Although the most recently announced Skyrim patch at time of writing introduces mounted combat, I’d like to take a step back and talk about the Kinect patch. Yes, this is the patch which only acknowledges the existence of Kinect’s microphone (and yet whenever people ask ‘why not have headsets supported?’, Microsoft execs put their fingers in their ears and scream ‘lalalalala’ very loudly). Having finally given Kinect-enabled Skyrim a try, I can confirm that the patch has the unexpected side effect of turning this epic, critically-acclaimed RPG into something resembling an elderly relative.

What I mean by this sloppy simile, of course, is that the voice recognition isn’t perfect. No big surprise perhaps, but… you know… this is Kinect! The company that developed it tells us it’s amazing hardware, so it must be true. Heck, they’re planning to use Kinect technology to help build stuff in space like some kind of god-like Lego set! Apparently! So I suppose the hope was, shared by Microsoft and its customers alike, that Kinect’s microphone was somehow magical. Well, it ain’t.

In all fairness some of the voice recognition works perfectly, even though I have the bare-faced cheek to speak with an English accent. If I say ‘pause game’, the game is paused. If I say ‘quick map’ while playing then, without fail, I get on-screen text confirming that Kinect heard me correctly and Skyrim lays its map open for me. Quick skills, quick magic… the basics work nice and smooth. But it’s no fun talking about what works properly, is it? So let’s get started! Carefully placing Kinect beside me like the cyborg child I wish I had (his name would be Christopher Chrome), I popped Skyrim into my 360, downloaded the patch, and dived in.

I’d watched the Kinect tutorial video about three weeks before, and I’d almost paid attention. As such I kind-of-sort-of-nearly remembered a few commands, but not enough to have a firm grip on the system. Still, the whole idea is to make it intuitive and accessible. How hard could it be? I was about to find out. My latest save placed me in the middle of a friendly town, with no enemies anywhere near. A nice, safe place to test the voice commands. Regarding the blank yet non-aggressive faces around me, I decided to try something simple. “Equip sword.” I said in clear, confident tones.

Storm Call

Instantly (and very much unintentionally), I summoned a localised storm. Furious at having their rags drenched – or possibly more bothered by the lightning which struck them repeatedly, slowly and painfully dealing out electric death – the entire town began to converge on me, determined to express their displeasure through the time-honoured tradition of introducing me to pointy things at great speed. After a quick and fully justified rolling of the eyes, I reloaded my save.

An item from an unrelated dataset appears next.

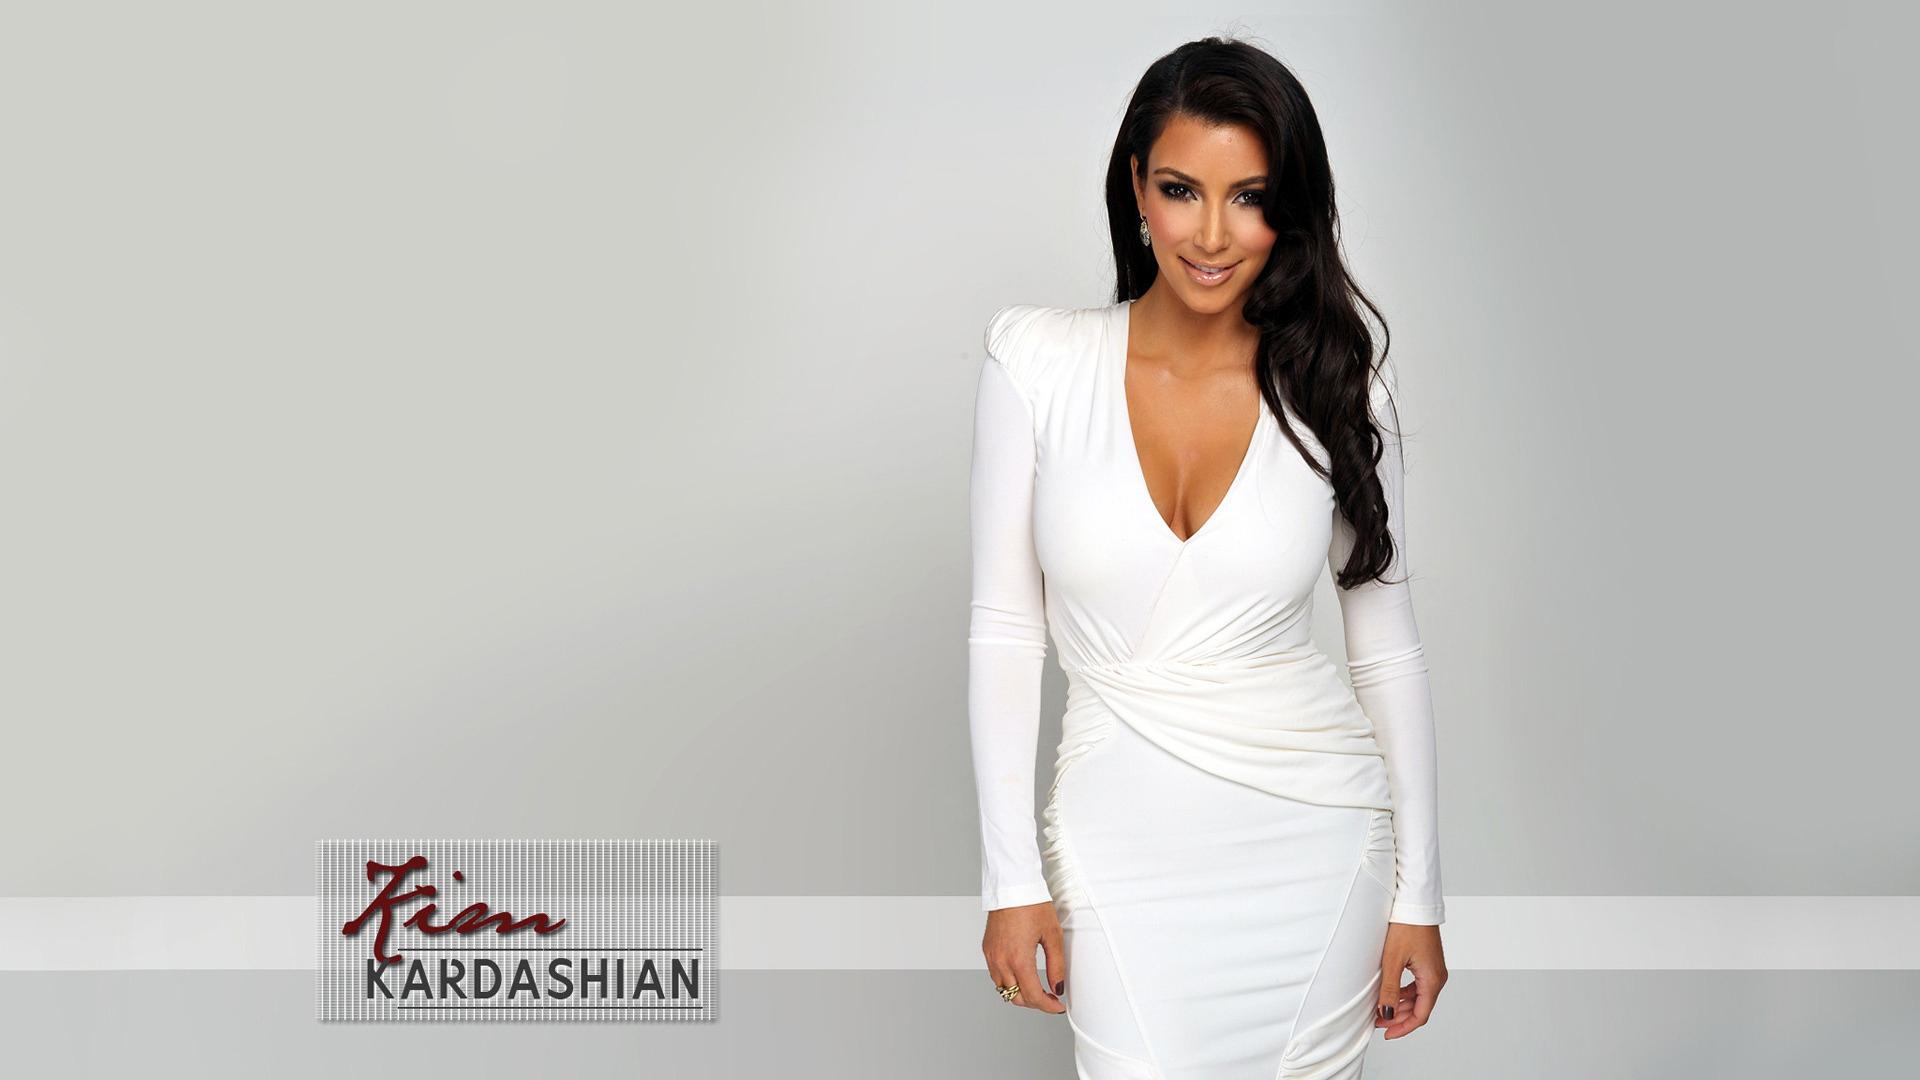 Free Download Kim Kardashian Wallpaper 1080p I Hd Images

Later I found myself exploring one of the many many (many) Draugr infested dungeons. The enemies were getting tougher; I’d already come up against Restless Draugr, Draugr Overlords, and Draugr Death Overlords. If you haven’t played Skyrim, trust me – I’m not making these names up. Anyway I thought that, due to the lack of autosave points in these dungeons, making a save while I was about halfway through would be a good idea. And of course, with my newfound power I could do this without fiddling about in menus. “Quick save.”

Quick Save

No, not... never mind.

Worked like a charm. Now, how to load that save I just made? ‘Quick load’ and ‘load game’ had been ignored. So how about “Try again”?

Fire Breath

Damn, one of my precious Shout opportunities wasted. Even worse, the huge plume of flame I belched out did no more than shift a harmless corpse a few feet to the right. Wait a minute; shouts! Of course, I can use shouts by saying the name of the shout or, best of all, by calling the Words of Power. Which one to try? Well, there’s only really one choice, isn’t there? Double checking there was nobody nearby to hear me make a complete fool of myself, I called the immortal words: “Fus Ro Dah!”


“Fus Ro Dah!”


Fus Ro Dah!!


“Oh, fuck off.”


At least it didn’t start swearing back at me. I would most likely have soiled myself.

Later in the same dungeon, I found myself facing a whole pack of powerful Draugr. I needed to keep my distance while using the most powerful weapon I had to hand, which was a magical staff. “Equip staff.”

Storm Call

What was it with this game and the Storm call? I wouldn’t have minded, but we were deep underground! As the plants outside were getting some life-giving water, possibly while children who had been playing tag in the streets moments before were now crying out in pain as the heavens sought to fry them, undead warriors tore me apart while I tried to scare them off with a stern look. In combat, Kinect was not my friend.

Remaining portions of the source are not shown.